In this age of spurious litigation, when every possible person is held responsible for a negative outcome except the individual who is truly responsible, it is wise for the psychiatrist to have information readily available. Courts have held pharmaceutical companies liable for the homicidal acts of patients receiving selective serotonin reuptake inhibitors. The psychiatrists who prescribe such medications can be held legally responsible as well. This modification of the Twinkie defense (i.e., "The Zoloft made me do it") is upon us.

The intent of this volume is to list alphabetically a broad variety of available psychoactive drugs, both legal and illegal. The CNS effects of each drug are described, with a particular focus on effects on psychomotor performance. Other side effects are also described, such as agitation, insomnia, and anxiety. A list of published articles supporting the findings described is included.
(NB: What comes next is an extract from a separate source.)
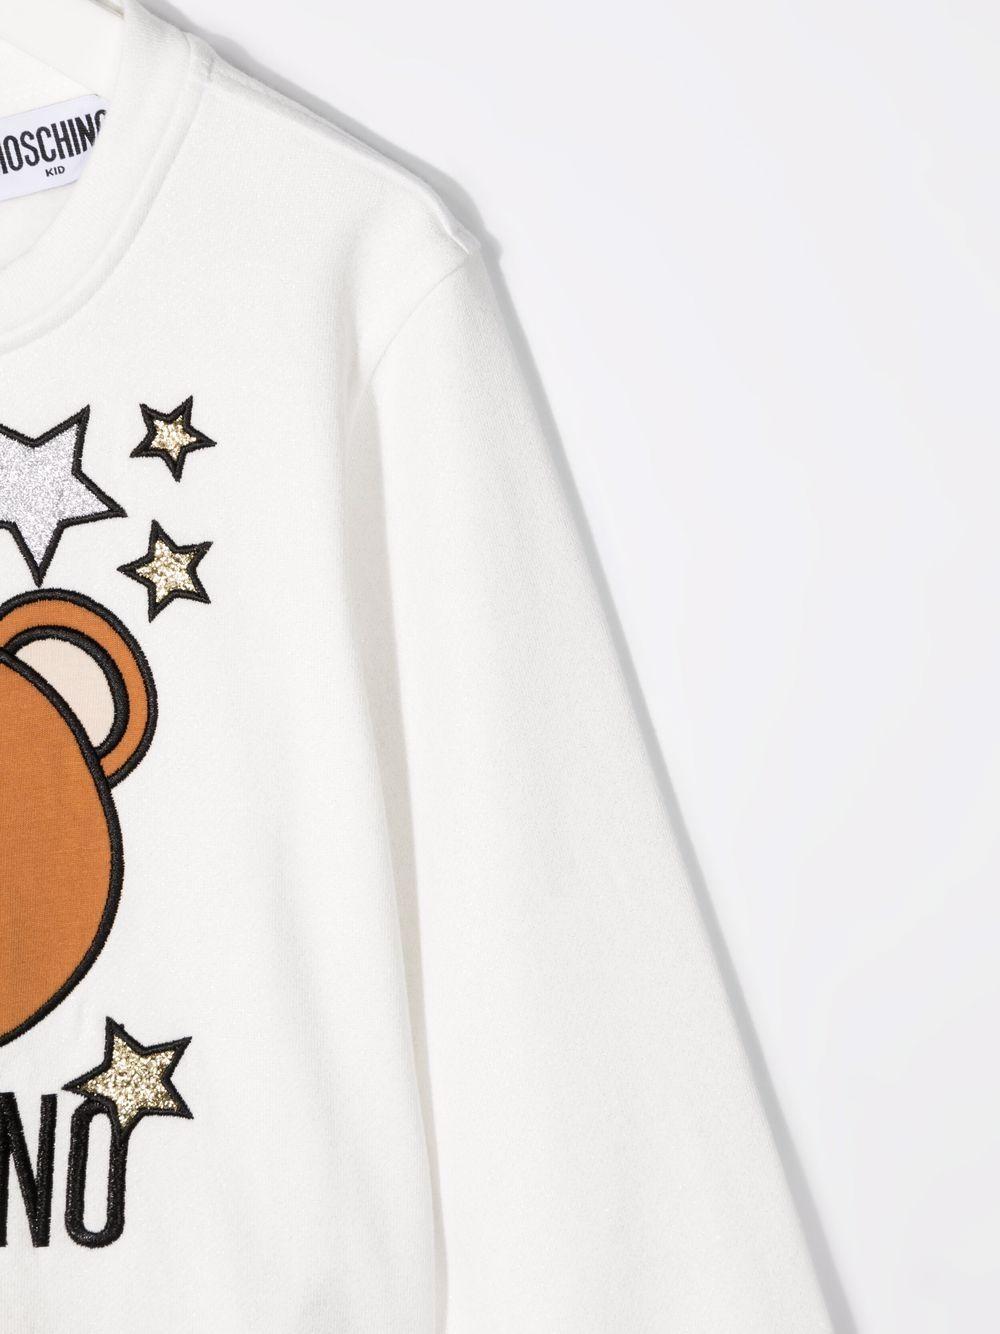 moschino felpa con stampa orso e stelle MOSCHINO KIDS | Felpa | HDF03CLCA2510063
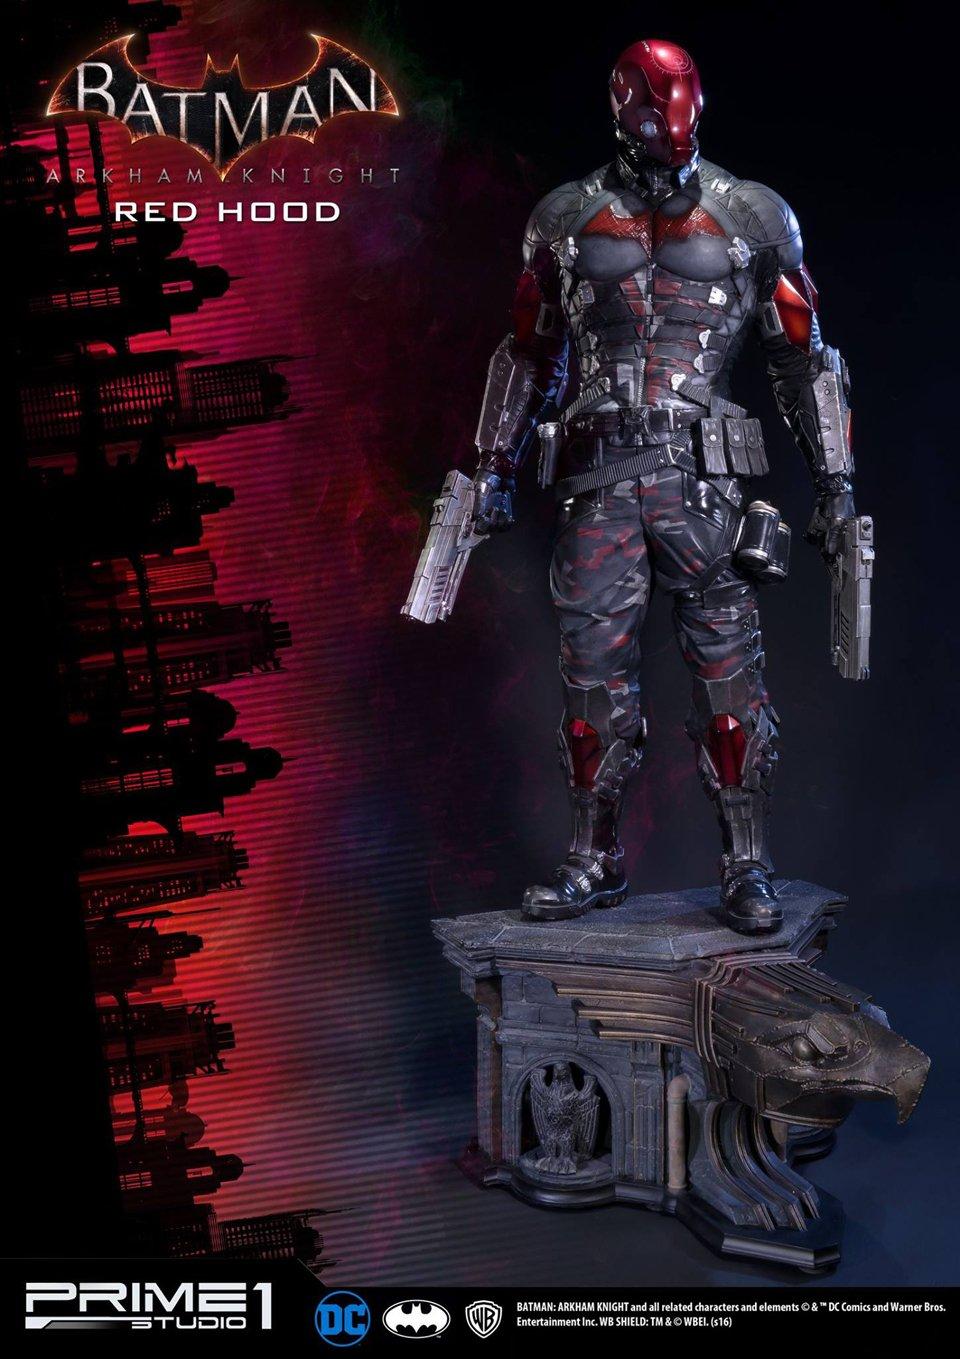 Prime 1 Batman: Arkham Knight Red Hood Statue

It would have been of greater benefit to the clinician if the author had included more data on variables other than psychomotor performance.

One can quickly learn the number and nature of the psychometric studies that have been performed on these compounds. The greatest immediate value of these data is to assist the practitioner in evaluating the potential motoric effects of a particular drug on driving, operating dangerous equipment, etc. From the parochial perspective of the psychiatrist, it would be valuable to have a few citations on aggressive behavior. Parenthetically, it is fascinating that the courts recognize the unpredictability of future violent behavior, except in the case of prescription drugs, where the evidence in support of their role is trivial.

In summary, this volume is easy to use and has useful information. Access to it, if not possession, will be of value to clinicians.